Quinoa has been dubbed the “Supergrain of the future” by nutritionists—and I totally agree. It was first discovered around 3,000 years ago by the Incas—who realized the seed (yes, it’s a seed) was safe for human consumption. So, though it seems relatively “new” to modern day Americans (many thanks to the pasta that has hogged the grocery shelves for so long), quinoa has ancient roots—and it is extremely healthy.
Quinoa is one of the most protein-rich foods we can eat, it contains nearly twice the fiber as other grains, it contains high iron, it’s rich in magnesium, and it’s high in Riboflavin (vitamin B2)—which improves energy and metabolism.
In addition to the benefits mentioned above, as a runner with a big race coming up, it is crucial to “carb up”—and quinoa is one of the best carbs out there.
This recipe is light, fresh, and definitely one of my “go-to” meals before a big event. I’ll post more recipes with quinoa in the future (seriously, the seed is so versatile that it can be eaten as oatmeal or baked in a casserole—there are no limits to quinoa’s reach!).
- 1 cup quinoa
- ¼ cup extra-virgin olive oil
- 1 lime, juiced
- ½ lemon, juiced
- 1 teaspoon ground cumin
- ½ teaspoon of Himalayan salt
2 cups halved cherry tomatoes
½ cup fresh chopped cilantro
- 3 finely chopped geren onions
- ½ cup chopped spinach
- 2 teaspoons organic garlic powder
- Boil quinoa as per directions (different brands very slightly on length of time). Drain quinoa after boiling, then set aside in a large bowl.

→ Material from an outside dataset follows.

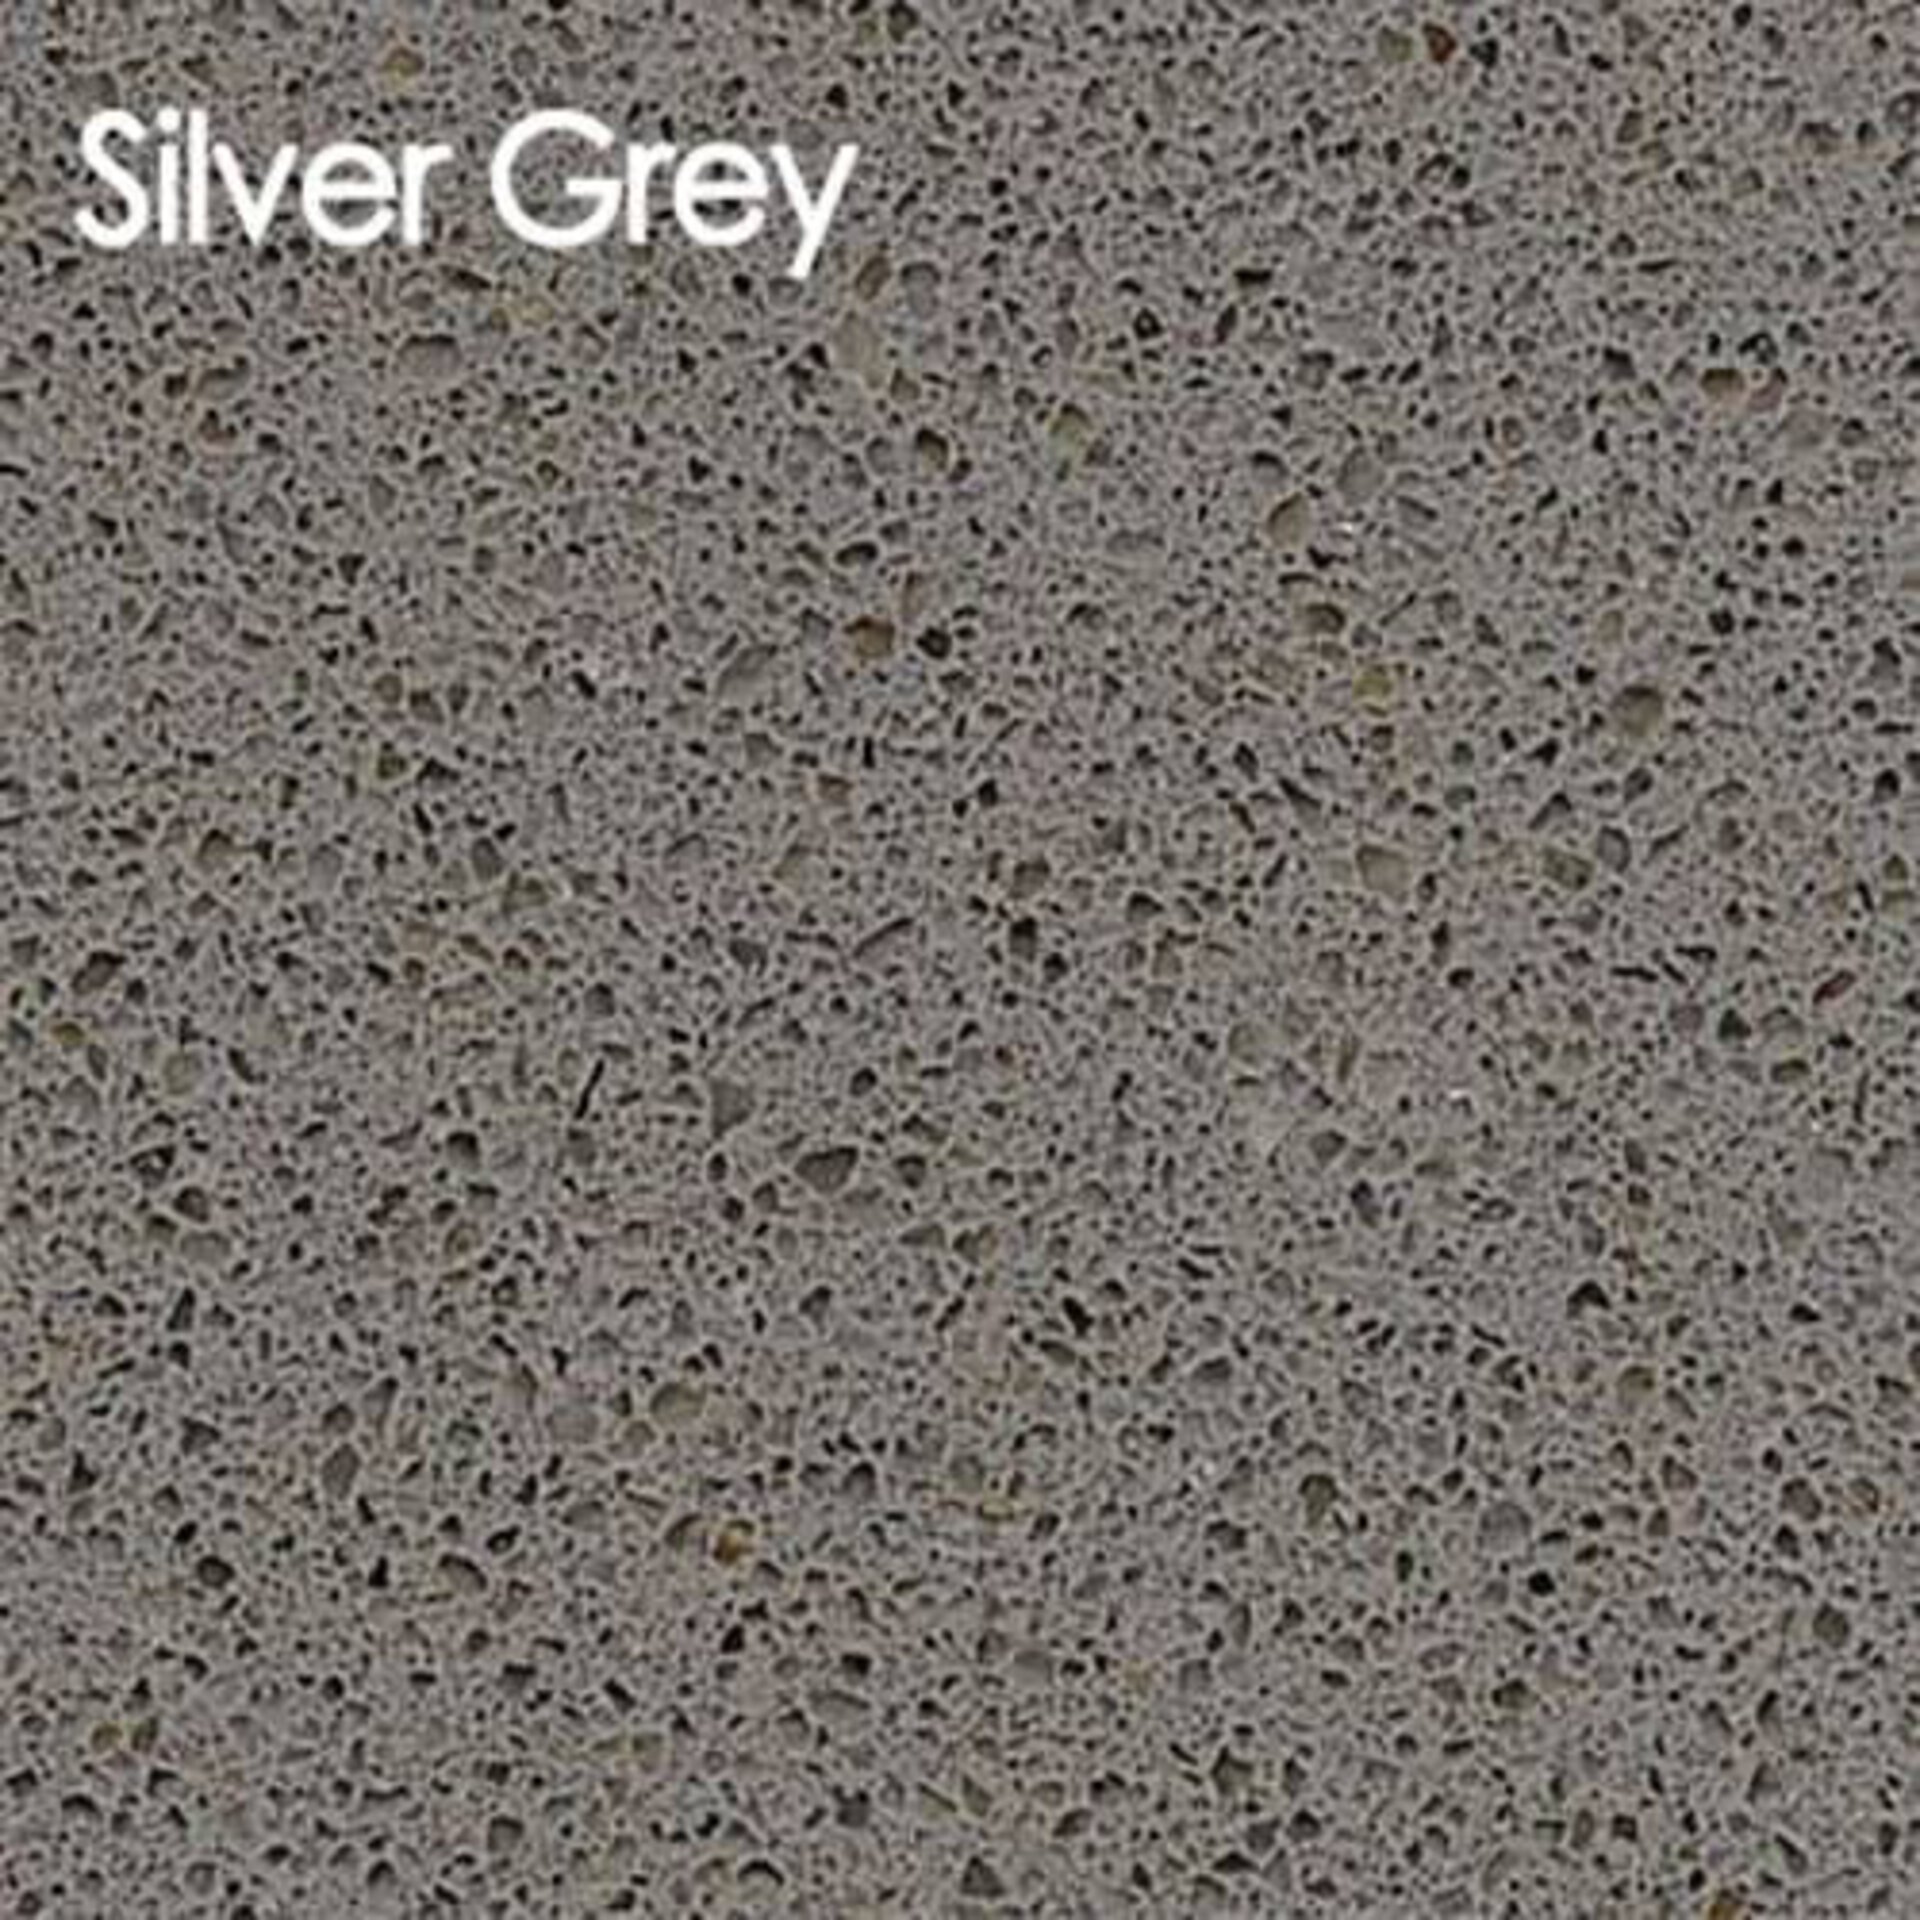 Arbeitsplatte aus Kunststein in der Ausführung Silver Grey.

- In a small bowl, mix extra-virgin olive oil, lemon juice, and lime juice. Once whisked, pour over quinoa and mix thoroughly.
- Combine finely chopped green onions, halved cherry tomatoes, cilantro, and chopped spinach. Mix with quinoa.
- Sprinkle the remaining ingredients on quinoa (cumin, salt, and garlic).
- Once quinoa is thoroughly mixed, serve and enjoy!
Note: Though the Quinoa seed is gluten-free, it is sometimes processed in places that also process foods that contain gluten.